There are three main areas: the entrance, where Rousell says that she wants people "to feel an immediate sense of impressiveness, without feeling intimidated", partly thanks to the sight-lines that allow diners to see all the way into the rest of the room; a restaurant and bar dominated by a long marble-fronted bar, where "the wizardry, the drama and the innovation" of the cooking and cocktail-making is on show: and a cosier dining space that can be partitioned off for private events. Each area sets the mood with elements such as lighting, materials and music levels- the bar is louder, somewhere you want to be on show, raise your voice and feel part of the buzz, while 1970's-inspired low banquettes encourage intimacy, for example.

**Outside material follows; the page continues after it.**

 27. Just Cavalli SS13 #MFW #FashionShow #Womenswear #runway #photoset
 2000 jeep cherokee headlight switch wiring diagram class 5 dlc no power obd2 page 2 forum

Jolie's focus is on sensory-led design. Six years ago, when Rousell founded the studio, she says the interiors she was seeing "were incredibly aesthetically driven, without anyone thinking about how it feels to step into those spaces. I wanted to set up a research-based practice that really understood what makes a human decide how they feel in a space. With Kitten, we really had the opportunity to curate and design in a subliminal way things like how long we wanted people to stay in certain zones."
Rousell says she didn't want to give too many nods to Japanese design (although there is a soaring wall of chunky bamboo as well as a giant cloud-pruned faux-tree), partly out of longevity considerations - hospitality spaces may need to flex every few years if the food concept changes. This desire for sustainability is reflected in the individual products specified, too, from the wall coverings that use water-based inks to the solid-surface bar top that incorporates waste materials: "We're not going to promote a culture of ripping it out and redoing it in five years' time," says Rousell.